The Role of Data Reliability
The data within the data pipelines that manage the data supply chains can generally be broken down into three sections:
- The data landing zone, where source data is fed,
- The transformation zone, where data is transformed into its final format, and
- The consumption zone, where data is in its’ final format and is accessed by users.
In the past, most organizations would only apply data quality tests in the final consumption zone due to resource and testing limitations. The role of modern data reliability is to check data in any of these three zones as well as to monitor the data pipelines that are moving and transforming the data.
Cost Implications of Poor Data
In software development, as well as other processes, there is the 1 x 10 x 100 rule which applies to the cost of fixing problems at different stages of the process. In essence, it says that for every $1 it costs to detect and fix a problem in development, it costs $10 to fix the problem when that problem is detected in the QA/staging phase, and $100 to detect and fix it once the software is in production.

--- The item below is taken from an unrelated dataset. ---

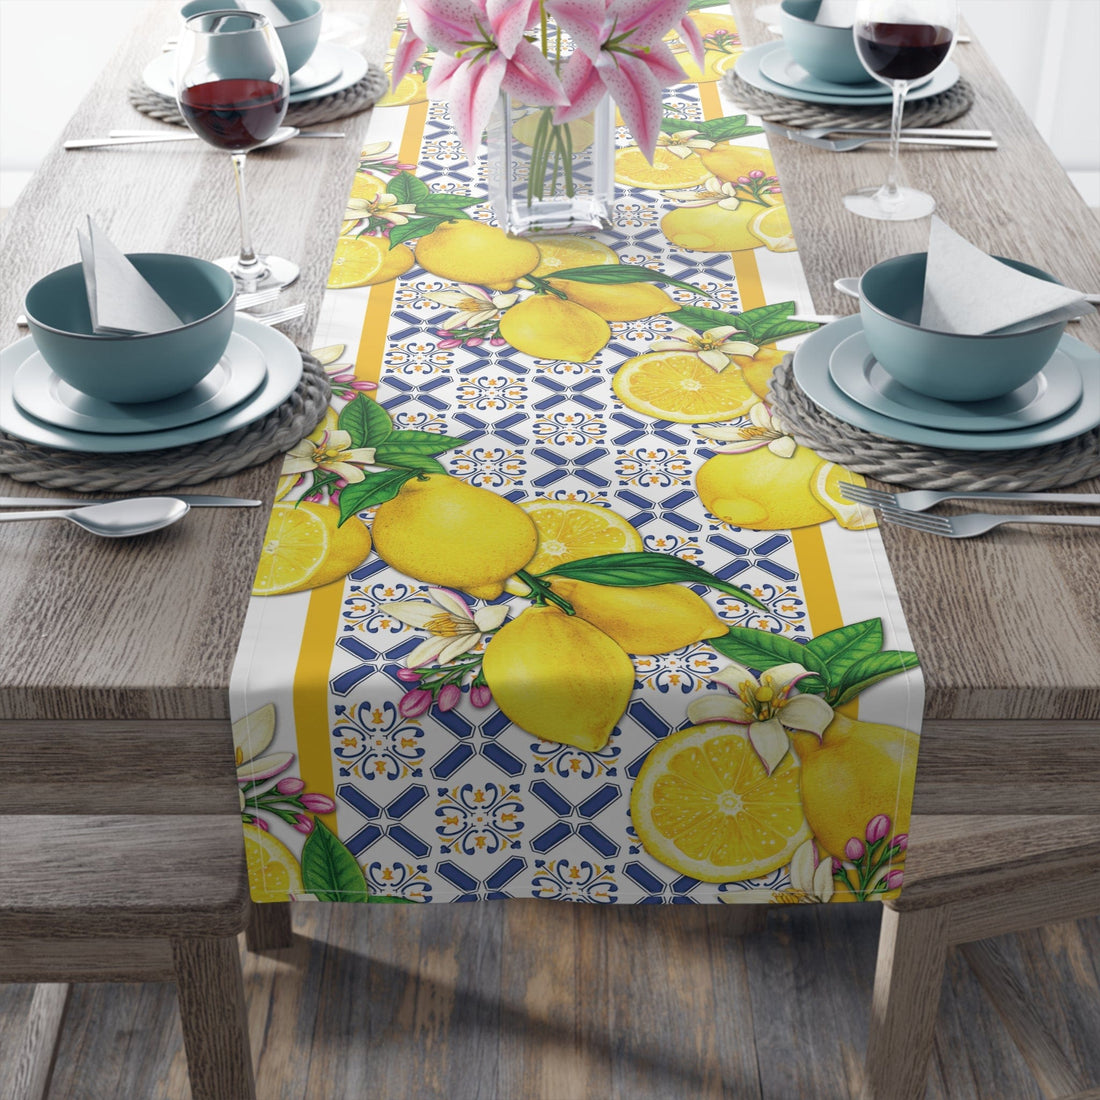 Kate McEnroe New York Cobalt Blue and Yellow Lemon and Tiles Table Runner, Mediterranean Floral Dining Table Centerpiece, Fall Home Decor, Holiday Table SettingTable Runners32773695513184694539

The same rule can be applied for data pipelines and supply chains. For every $1 it costs to detect and fix a problem in the landing zone, it costs $10 to detect and fix a problem in the transformation zone, and $100 to detect and fix it in the consumption zone.
To effectively manage data and data pipelines, data incidents need to be detected as early as possible in the supply chain. This helps data team managers optimize resources, control costs, and produce the best possible data product.
Best Practices for Data Reliability
As with many other processes, both in the software world and other industries, utilizing best practices for data reliability allows data teams to operate effectively and efficiently. Following best practices helps teams produce valuable, consumable data and deliver according to service level agreements (SLAs) with the business.
Best practices also allow data teams to scale their data reliability efforts in these ways:
- Scaling up to increase the number of quality tests on a data asset.
- Scaling out to increase the number of data assets that are covered.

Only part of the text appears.